- Born: February 18, 1820} Paris, France
- Died: May 7, 1887 (aged 67) Cannes, France
- Occupation: Architect
- Known for: Notre-Dame de Paris Château d'Amboise

= Victor Ruprich-Robert =

French architect

Victor, Marie, Charles Ruprich-Robert (born February 18, 1820, in Paris, France – died on May 7, 1887, in Cannes, France) was an architect, chief architect of historic monuments, general inspector of historic monuments and art historian.

== Biography ==
After studying with Simon-Claude Constant-Dufeux at the École des Beaux-Arts, he became Eugène Viollet-le-Duc's substitute for the History and Composition of Ornament course at the École Nationale et Spéciale de Dessin from 1843.

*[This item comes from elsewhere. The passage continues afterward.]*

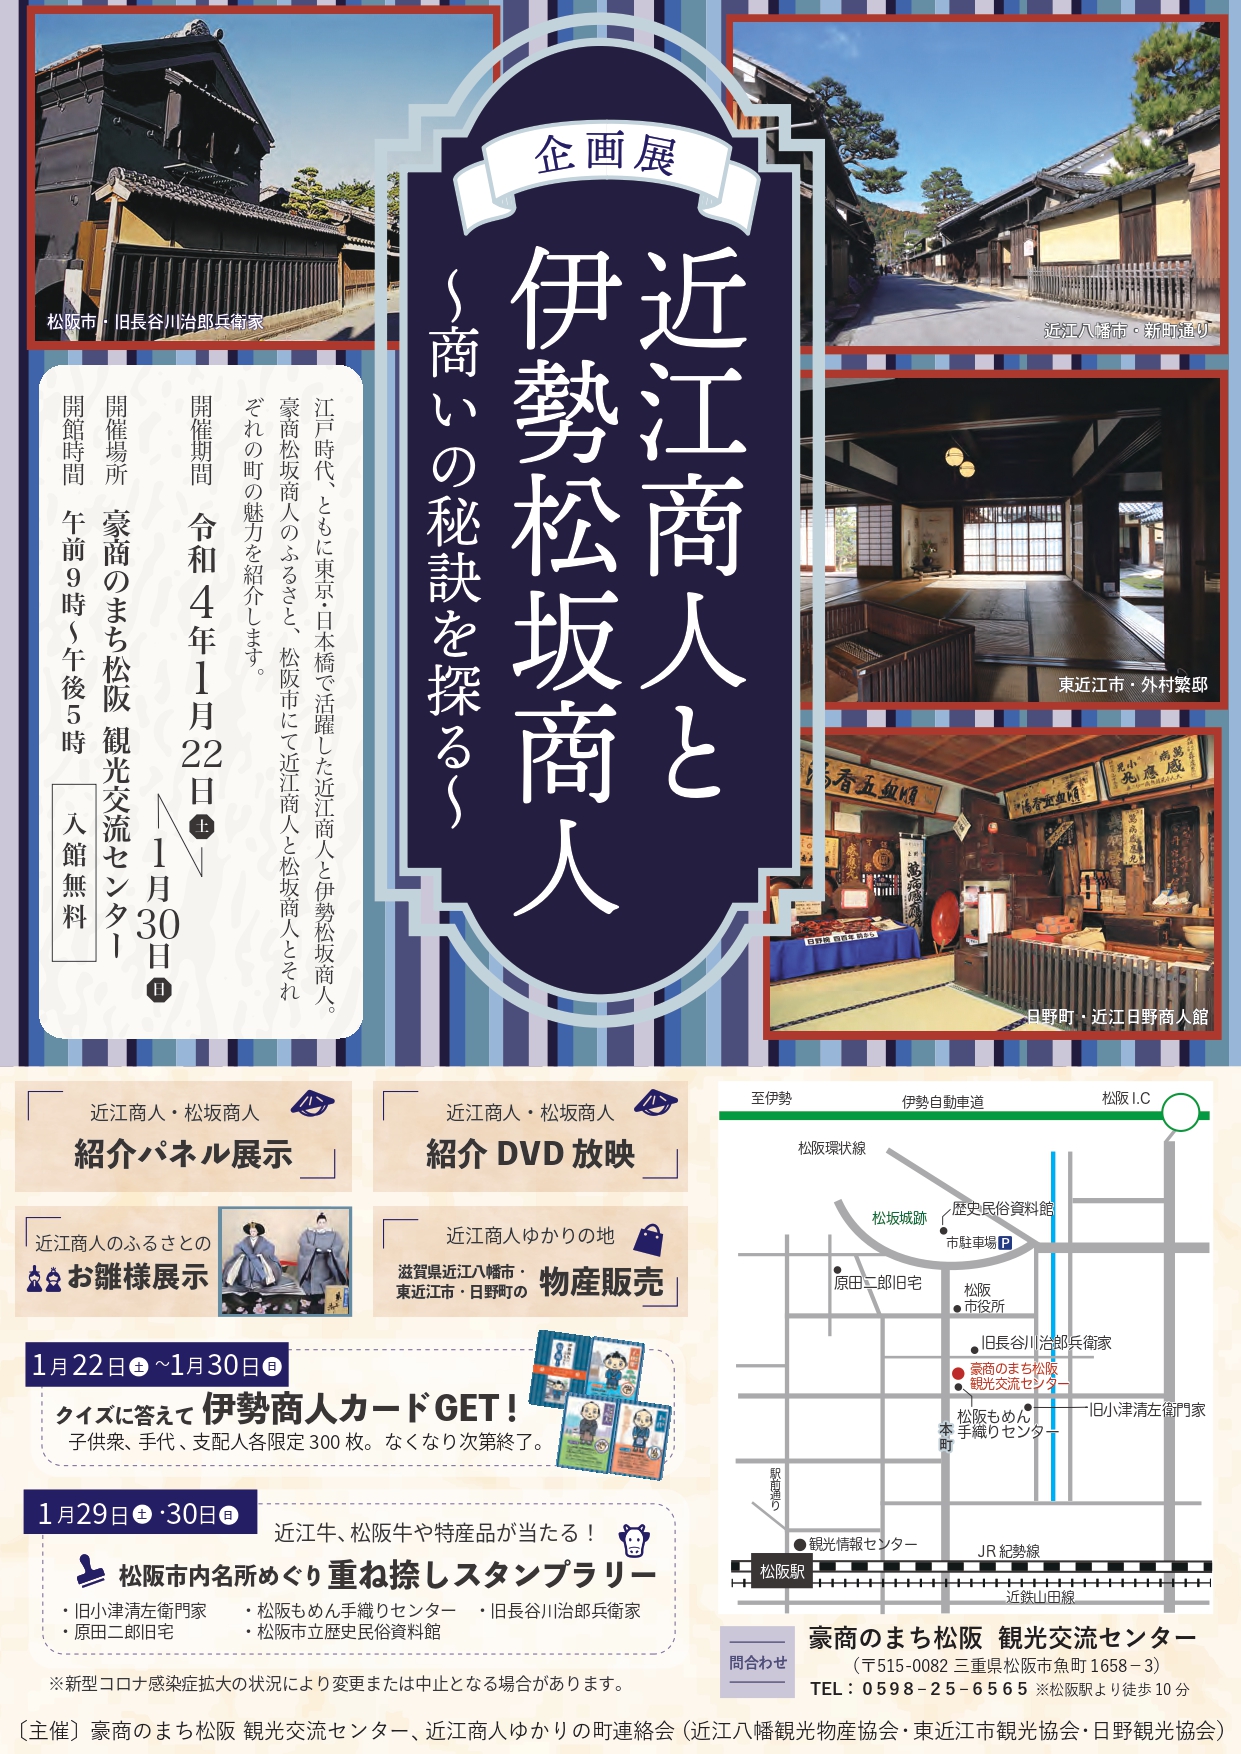 企画展1/22~30「近江商人と伊勢松坂商人」が開催されます。

In 1840, he was appointed to the Commission des Monuments Historiques, after having surveyed the church of Saint-Nicolas in Caen. In 1844, he asked to be appointed inspector of works at Notre-Dame Cathedral in Paris. On December 20, 1848, he was appointed diocesan architect for Notre-Dame Cathedral in Bayeux, and for diocesan buildings in Coutances and Séez. From 1874, he oversaw restoration work on the Church of Saint-Étienne in Caen (Abbey aux Hommes), the Château de Falaise from 1864, the Church of Saint-Samson in Ouistreham and the Church of Hambye.

He has also been active in other regions, restoring the Château d'Amboise, the tower of the ancient Château d'Oudon, and the churches of Saint-Martin d'Argentan and Saint-Sauveur in Dinan.

His son and pupil Gabriel Ruprich-Robert (1859–1953) was also Chief Architect and Inspector General.